Conversion of text documents to word-vector-representation features ( Doc2Vec )

Conversion of text documents to word-vector-representation features ( Doc2Vec )

# utl <- Doc2Vec$new(token_list = NULL, word_vector_FILE = NULL,

       #                    print_every_rows = 10000, verbose = FALSE,

       #                    copy_data = FALSE)

Value

a matrix

Details

the pre_processed_wv method should be used after the initialization of the Doc2Vec class, if the copy_data parameter is set to TRUE, in order to inspect the pre-processed word-vectors.

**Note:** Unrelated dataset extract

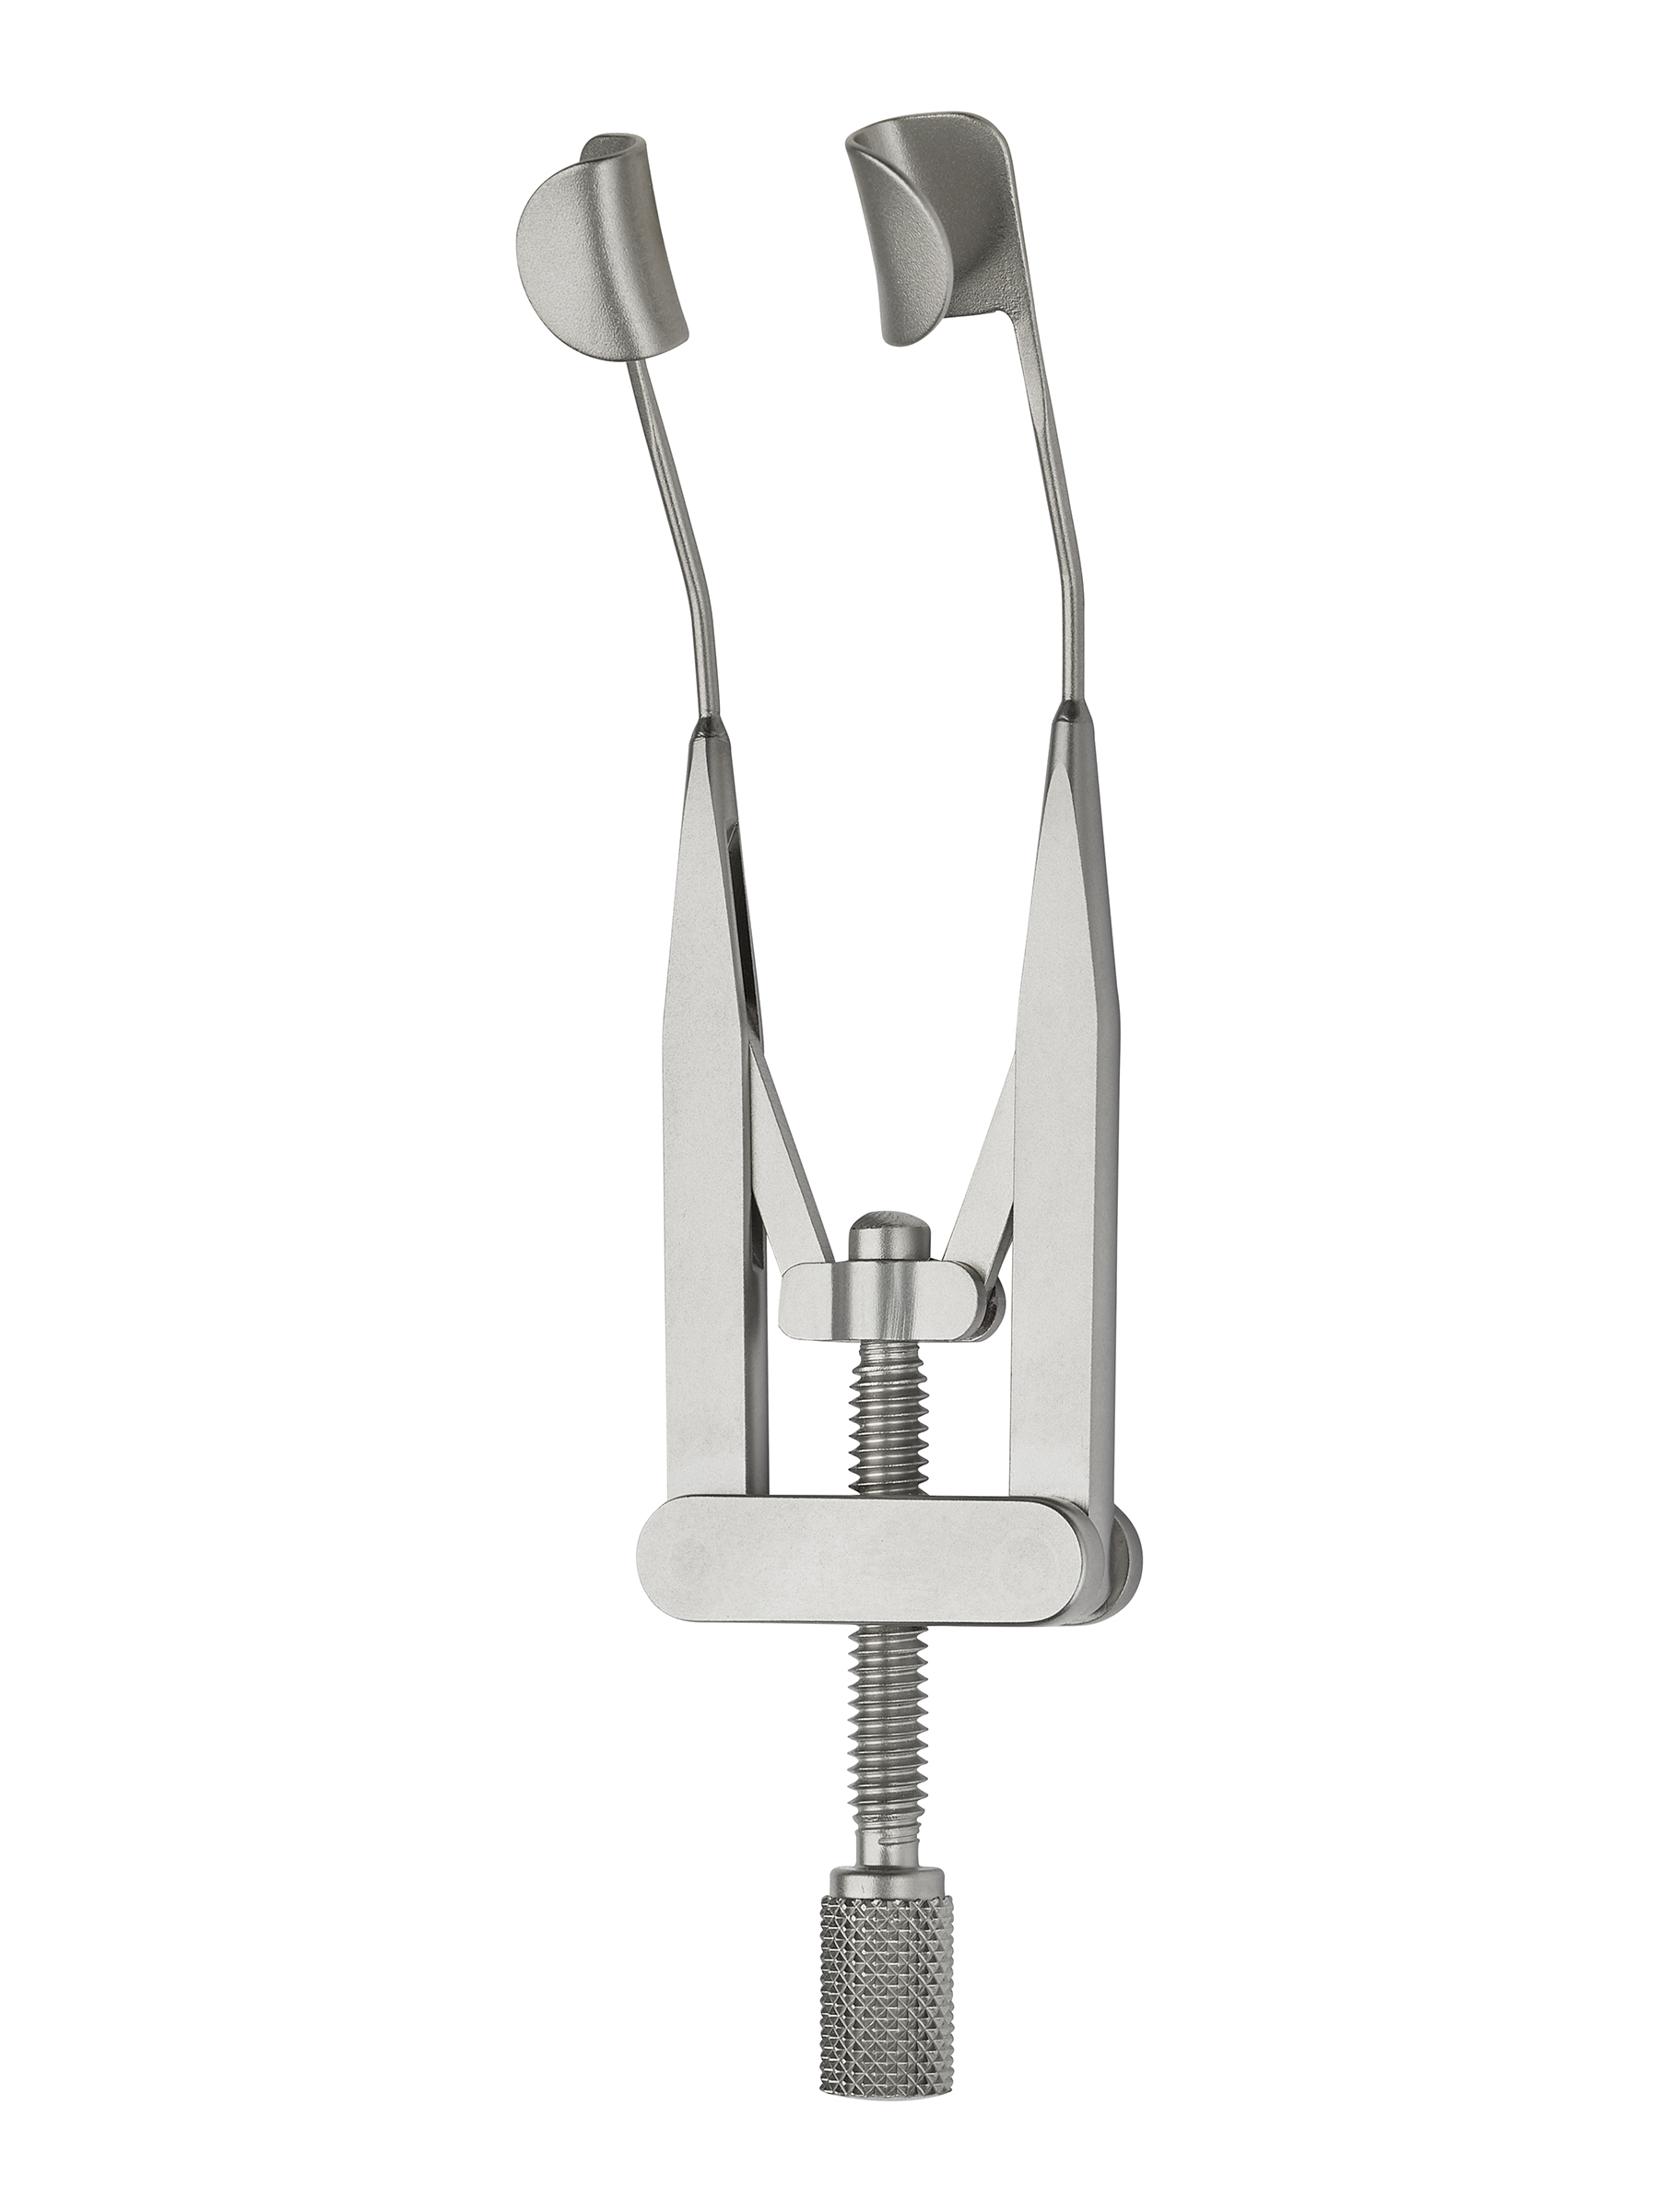 Alm Retractor with Blades

The global_term_weights method is part of the sparse_term_matrix R6 class of the textTinyR package. One can come to the correct global_term_weights by using the sparse_term_matrix class and by setting the tf_idf parameter to FALSE and the normalize parameter to NULL. In Doc2Vec class, if method equals to idf then the global_term_weights parameter should not be equal to NULL.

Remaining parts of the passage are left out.